Undoubtedly, the digital age brings endless possibilities in terms of global networking and collaboration. But for the many creative businesses that choose to be based in or near Ultimo, the area offers proximity-based opportunities to collaborate, share knowledge and innovate. A precinct like this creates synergies between businesses and those that service them; it’s an ecosystem that fosters a vibrant design culture and strengthens the local design industry.
The design profession doesn’t usually get mentioned among the buzzwords that couch many government innovation statements. But designers are key contributors in the value chain of the new economy: they drive the processes that enable ideas to take shape as commercially viable products, services and spaces. For countries looking to gain a competitive advantage in global markets, understanding and promoting the role of design is critical.
And the Powerhouse, with its “design and science” tagline, has been effectively promoting the power of design for close to thirty years. It’s also the only museum in Australia that actively collects and records contemporary Australian industrial design.
The Design Institute of Australia (DIA) has been involved with the museum since its inception. And in return, through exhibitions, research and educational programs, the museum has played a vital role in the development of the New South Wales design industry. The DIA also collaborated with the museum to produce the first Sydney Design Week in 1997, now one of the longest-running design festivals in the world.
But Sydney’s creative industries aren’t limited to this inner precinct. Western Sydney is Australia’s third-largest economy and the region is rapidly transforming from an industrial to a knowledge economy.
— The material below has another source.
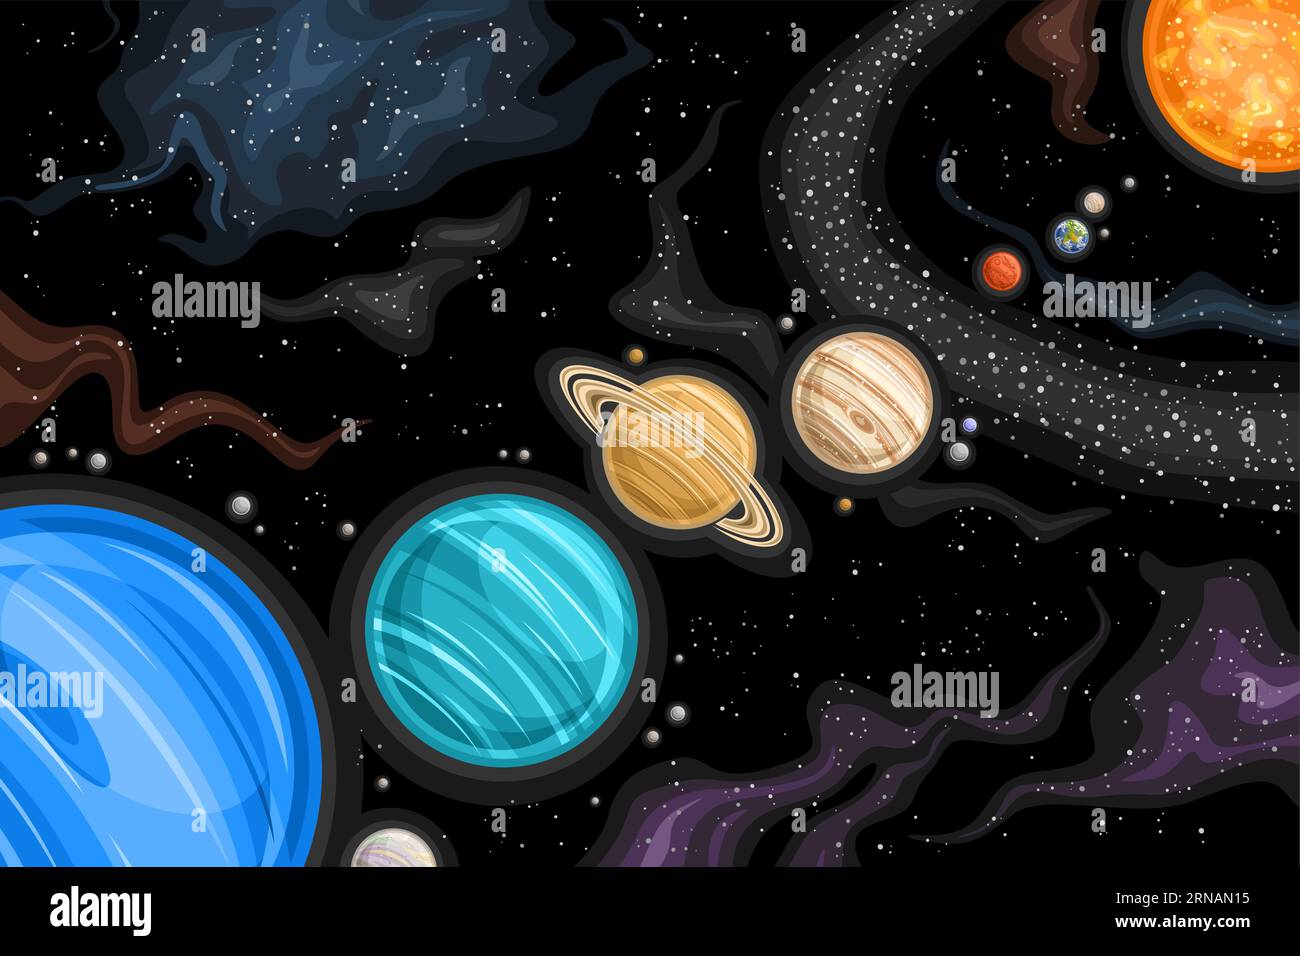 Vector Fantasy Space Chart, astronomical horizontal poster with illustration pf planet parade in Solar System, decorative futuristic cosmo print with Stock Vector
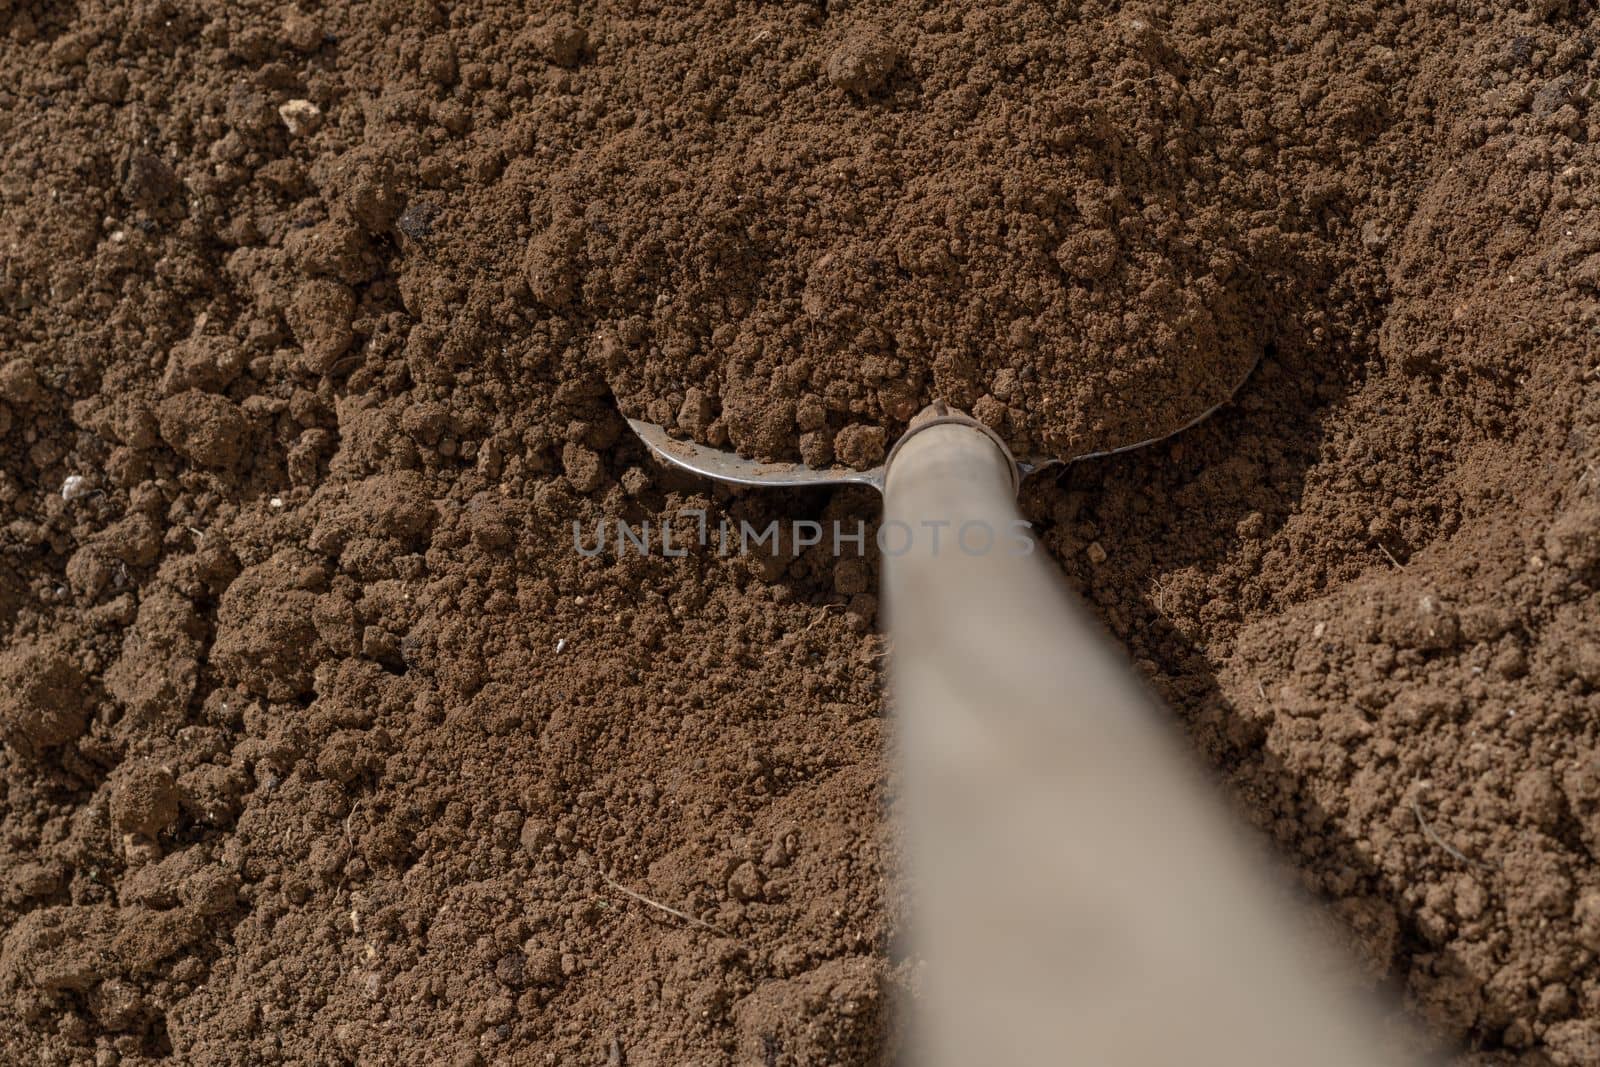 close-up of a shovel digging the soil of a vegetable garden

Establishing a major museum will be an important step in this development. If realized well, a great new twenty-first-century cultural institution will emerge – a museum that is a vital part of Parramatta and its future at the centre of one of the state’s fastest growing regions. It also means that more of the vast MAAS collection, much of which is held in storage facilities, will have the chance to see the light of day.
But closing the Powerhouse Museum in Ultimo seems like a false start for such an ambitious project.
The Powerhouse promotes a critical understanding of design as an aspect of cultural production and as an indispensable driver for economic, technological and social change. The museum, with its deep roots in Ultimo and the design community, is a place where anyone can be inspired about the future of design in Australia and the role it will play in our future prosperity. In a world that is evolving at an ever-accelerating rate, the Powerhouse Museum in Ultimo has never been more important.